The Pennsylvania Railroad trains left Pittsburgh at scheduled time on the morning of May 31. The New York and Chicago Limited (No. 2) departed for the east at 7:15 a.m. The Day Express (No. 8), in two sections, left at 8:10. By the time that these trains had entered the Conemaugh Valley, slides had been reported on the track at Cambria City, between East Conemaugh and Mineral Point and east at Lilly. … the slides were serious enough to demand the attention of the officials of the Pittsburgh Division of the railroad. Assistant Superintendent Trump, the assistant engineer, the division operator, and the master carpenter left Pittsburgh with a crew at eleven o’clock. By 3 p.m. they had arrived at East Conemaugh. At one o’clock, Robert Pitcairn, the division superintendent, left for the Conemaugh Valley; his party had only reached Sang Hollow by four o’clock in the afternoon.48
The passengers and officials of the railroad saw that Johnstown was under water. By the time that assistant-superintendent Trump reached Johnstown the water in the channel of the Big Conemaugh had reached the level of the spring line of the arches of the stone bridge. The slide over the track at Cambria City already had been cleared away. In the lower part of town, people waved to the railroad men from the second story of their homes. The debris from the boom of the Johnstown Lumber Company was piling against the piers of the bridge but the members of the work train, which stood just west of the stone bridge, kept pushing the logs and timber into the current. When Trump stopped for a few minutes at the Johnstown station, the freight agent told him that Agent Deckert at South Fork had telegraphed that the dam would surely break. The agent at Johnstown told Trump that people in town had been warned of the impending danger. 49
Two Johnstown men, Alexander Adair and Richard Eyre, had gone to Cambria City in the morning to inspect some houses which they owned in the borough. At 2:10 p.m. they started back to Johnstown, walking along the railroad track since the Cambria City bridge had already fallen. As they passed a freight train, going west, the engineer called to the men, telling them that East Conemaugh had been warned that the South Fork Dam might break at any moment. The engineer asked the men to warn the people to “fly to the hills.” Greatly alarmed the men descended into the first street of Cambria City, bordering the railroad, to spread the warning. Apathetic natives told the men that they heard that warning before. Meeting the burgess of Cambria City, the men repeated their warning. The official promised to send further alarm into the village. When Adair and Eyre reached the end of the stone bridge they met Squire Bland of Millville who told them he also had received the news from East Conemaugh. Another man in the party said that two messages had been received at East Conemaugh. The trip that the Johnstown men had made into Cambria City had delayed their return somewhat.

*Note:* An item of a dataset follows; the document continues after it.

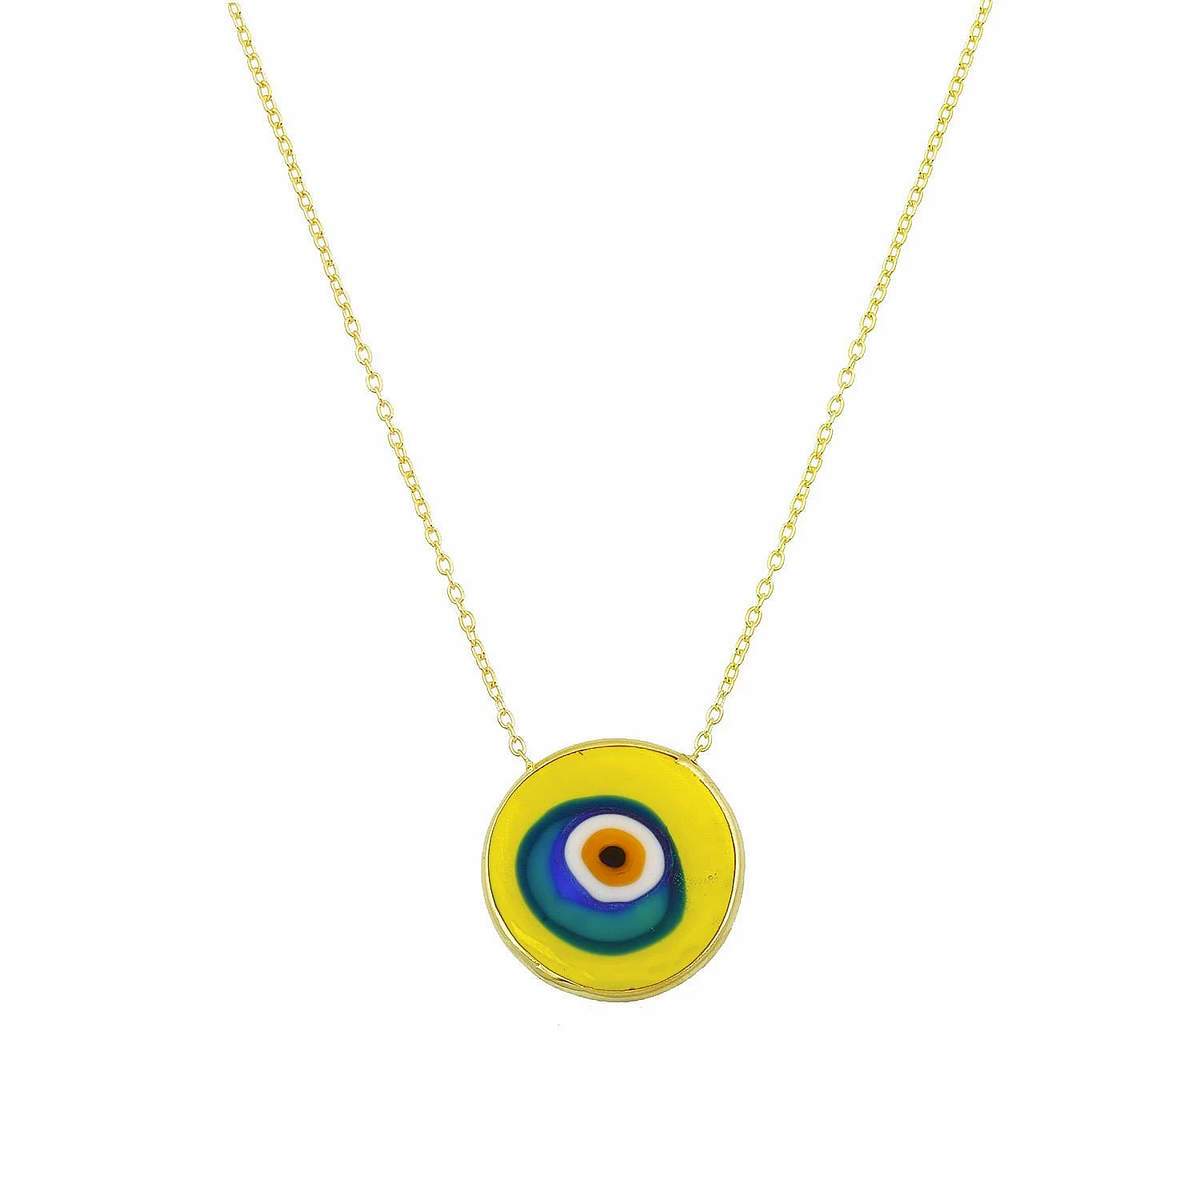 Antique Evil Eye Necklace in Yellow
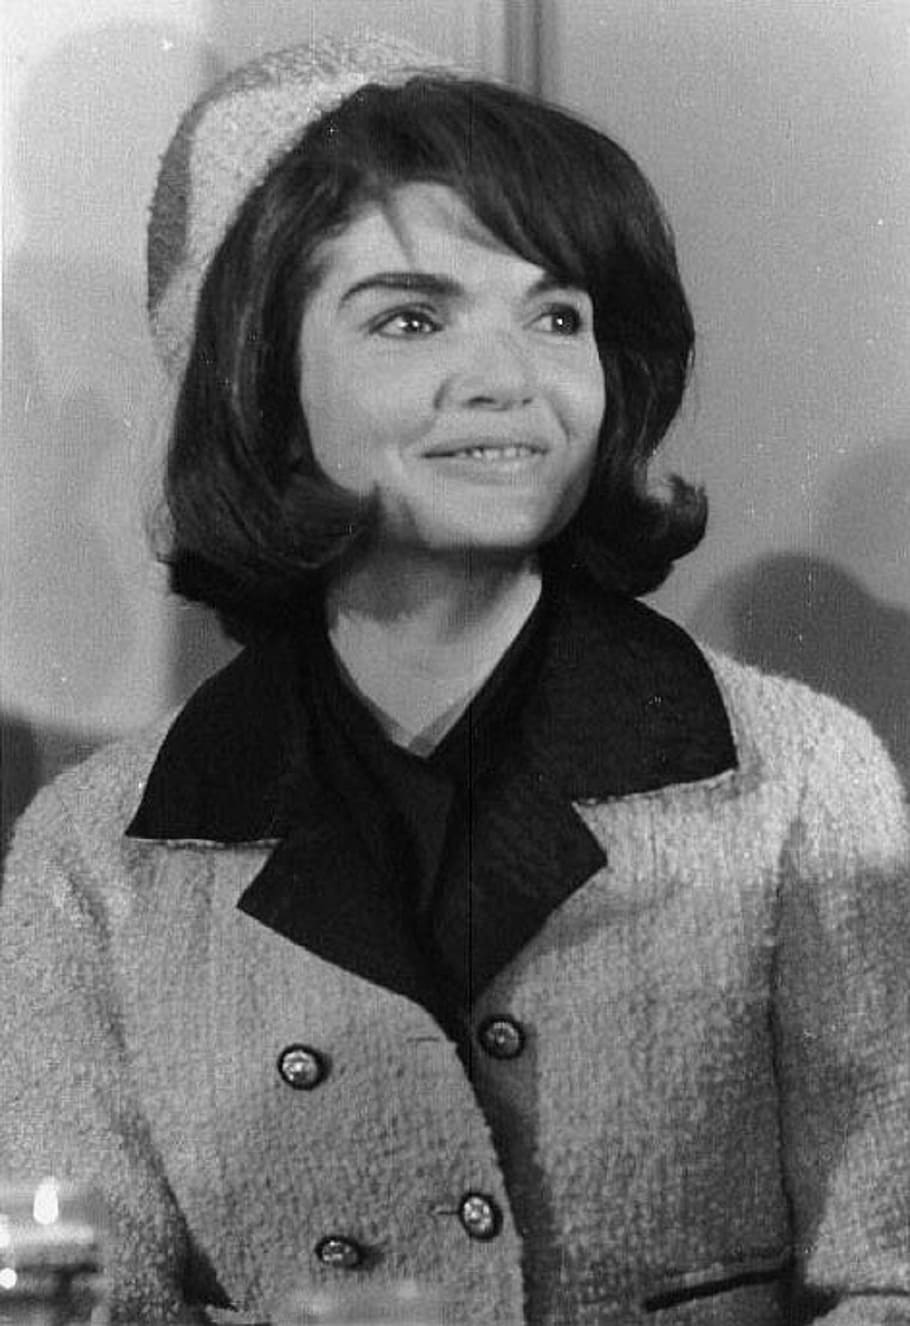 jacqueline kennedy, woman, person, official, first lady, portrait, john kennedy, jackie, monochrome, historical

Conversations with men along the way had made them later. At 3:15 p.m. Adair and his partner were standing on the stone bridge. At that very moment, the tragedy of the Conemaugh began. Johnstowners had nearly an hour left in which to run to the hills. The telephone warning went out at 3:15, but the dozen subscribers of the new system were already marooned; and in Johnstown streets stood from four to ten feet of water to impede the escape of the apprehensive natives.50
Excerpt from Nathan Daniel Shappee, History of Johnstown, Unpublished doctoral dissertation, University of Pittsburgh, 1940. Pages 248–253.